Handloom placemat,wedding gift to Francis Wilder & Virginia Hunt, Buckland, Mass., 1949
Handloom placemat,wedding gift to Francis Wilder & Virginia Hunt, Buckland, Mass., 1949
Item Information
Title:
Handloom placemat,wedding gift to Francis Wilder & Virginia Hunt, Buckland, Mass., 1949
Description:
Green, brown, and beige hand-woven cotton table linen with fringe measures 11 inches by 14-1/2 inches and was made on handlooms in Buckland, Mass. by Miss Eleanor W. Clark (1902-1958) and Mrs. Hattie Bertha (Sanderson) Wilder (1867-1958). With an overshot pattern in a fine weave, the piece was a gift to Francis Wilder and Virginia Hunt on 19 March 1949, their wedding day. Miss Clark and Mrs. Wilder were cousins of the bride and groom's families.Eleanor Clark and her Aunt Hattie Wilder lived together at the Wilder Homestead in Buckland, Mass. in the early 1940's not long after the elder Hattie's husband died.

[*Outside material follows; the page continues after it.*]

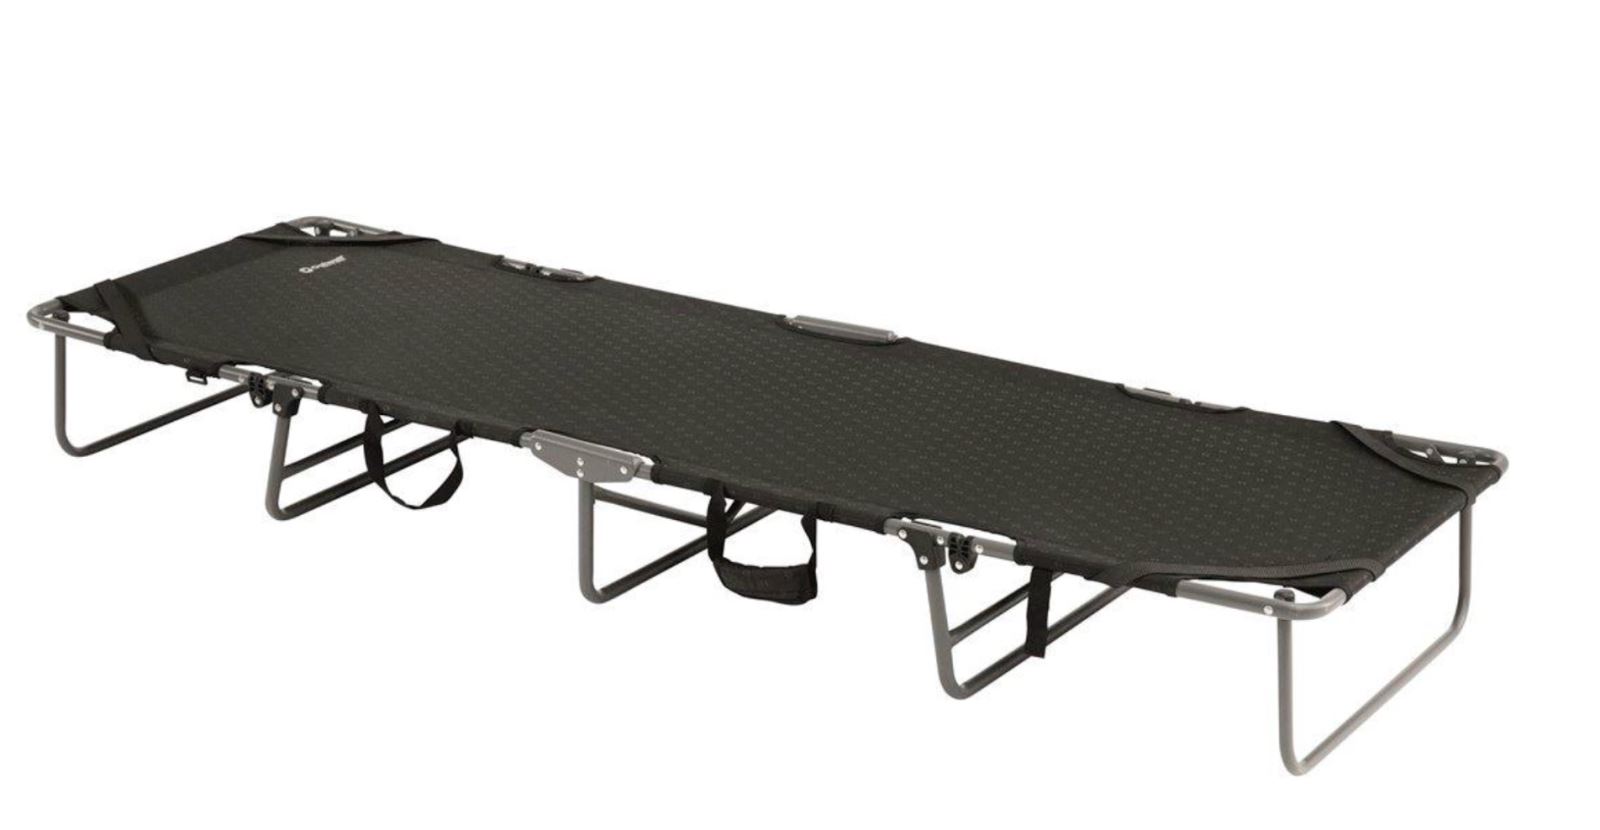 An Outwell tostado camping bed

At the homestead there were antique looms, spinning wheels, and yarn winders. Both Hattie, known to most everyone as Aunt Bertha, and Eleanor soon discovered a love and talent for pattern design and weaving on treadle looms. In 1944, Eleanor was appointed Postmaster of the Buckland Center Post Office, which was housed in a building she owned on Upper Street. The building had an apartment that Miss Clark converted into a two-room studio for teaching weaving. She gave lessons in setting up the loom and designing patterns for projects. Other weavers brought their looms and set them up to work together. The group became known as The Buckland Weavers. Eleanor also took on the task of teaching weaving to a group of 4-H girls, known as the Buckland Busy Bees. There were seven or eight girls aged ten to sixteen who learned how to set up a loom, work a pattern, and weave a piece to proudly take home.